Also important is the fact that China’s issuance of bonds overseas has continued to grow rapidly since the first offshore Chinese Green Bond was brought to the Hong Kong Exchange in 2015. The second-largest green bond issuer becoming more open to international investment is a good step toward a greener future.
A drawback to Chinese Green bonds however is that they are not all in line with the CBI green definitions, and some of the money raised is used as general operating capital. If the integrity and transparency of Chinese issued green bonds could be affirmed, then the total number of CBI-aligned green bonds in circulation could be increased drastically.
France is really leading the way when it comes to green bond issuance. After issuing their first sovereign green bond in 2017 of US$7bn), in order to raise money for a transfer over to the use of cleaner energy, they have gone on to be the 3rd highest issuer globally issuing US$30.1bn to the market.
Germany has the largest economy in the European Union and yet it only comes fourth in terms of green finance. A lot of this is indicative of the fact that the German government has not pushed green finance as much as the likes of France and Switzerland, opting instead to leave it to the private investors. However, this is set to change as the government released a climate package in 2019 recognizing the importance of financial policy in the fight against global warming.
Europe as a conglomerate makes up 44% of the green bond market; however, when this is broken down it is clear there are disparities between the countries. This is understandable as the prosperity of different countries within Europe can be widely different.
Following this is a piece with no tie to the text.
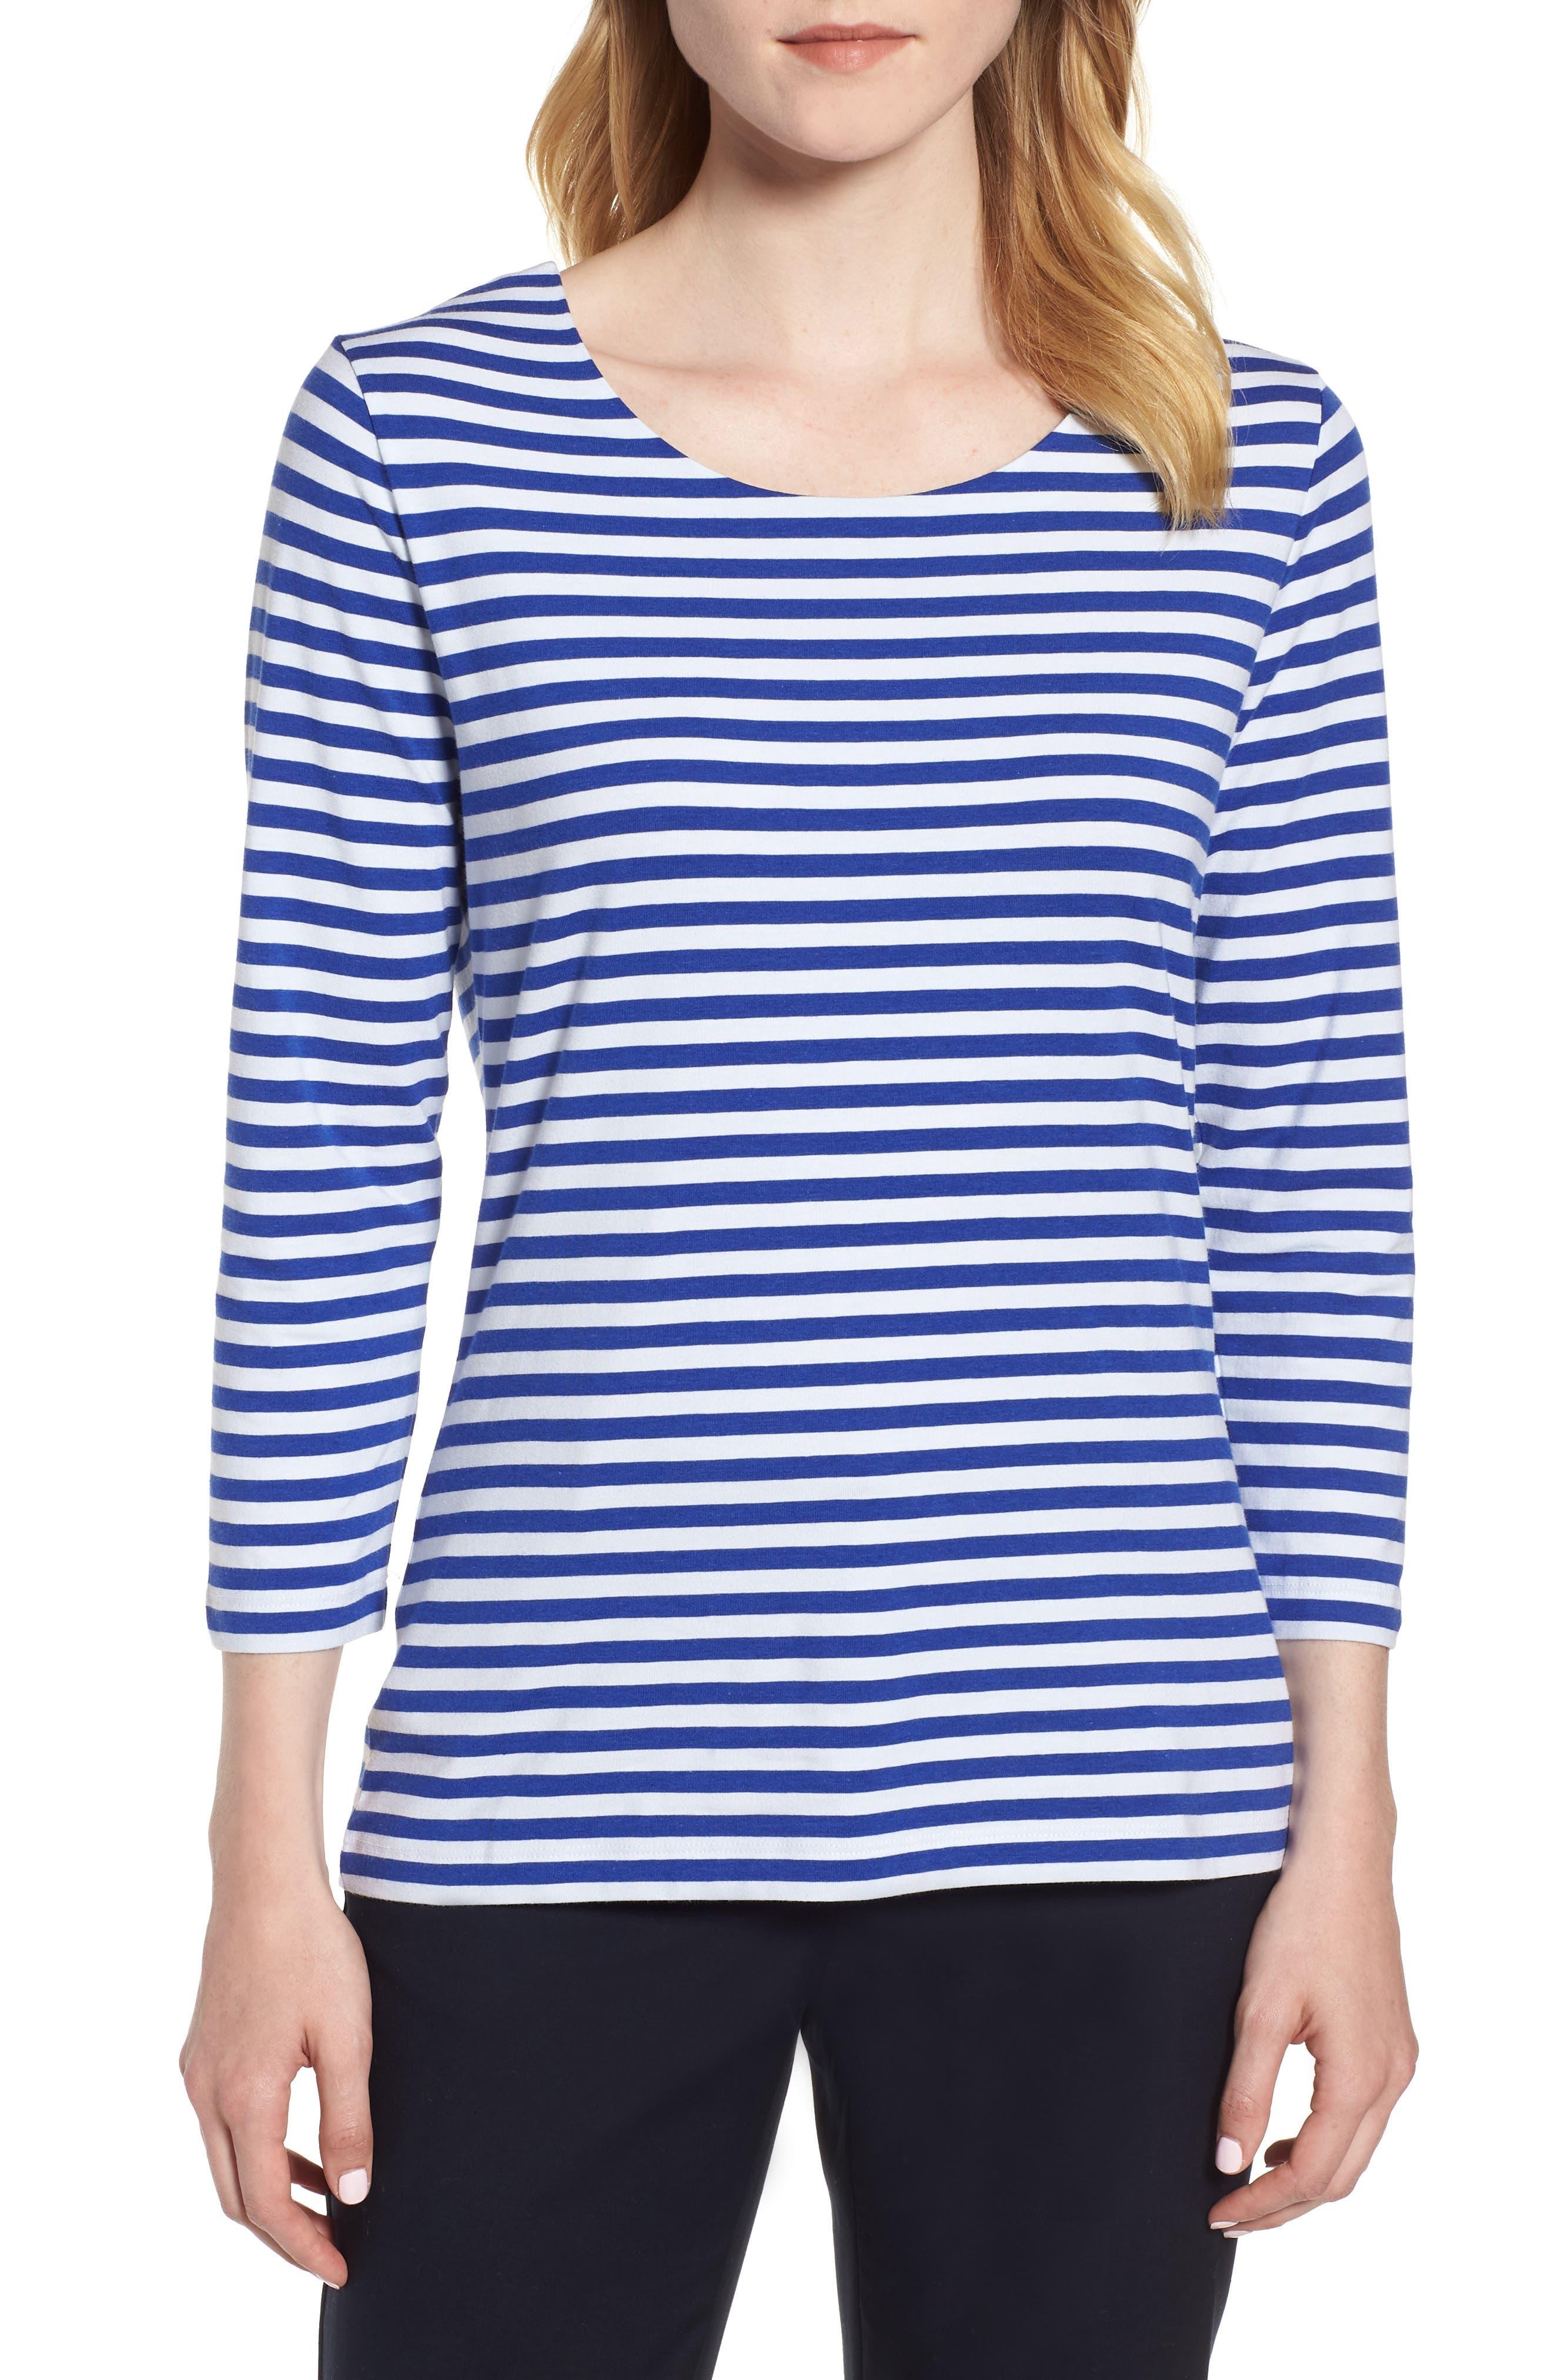 Emmisana Stripe Top,                         Main,                         color, 467

However, in a recently announced COVID19 recovery fund of €750bn, the EU has declared that 25% of the €750bn will be earmarked for climate action and there will be a ‘do no harm’ clause preventing that money being spent on environmentally damaging investments.
It is important that this influx of green finance is shared amongst the EU not just equally but equitably, there are countries that are in much higher need of a centralized green investment than others.
If Europe can handle this task well it will light a path for future investments, and it will highlight the possibilities that green finance holds.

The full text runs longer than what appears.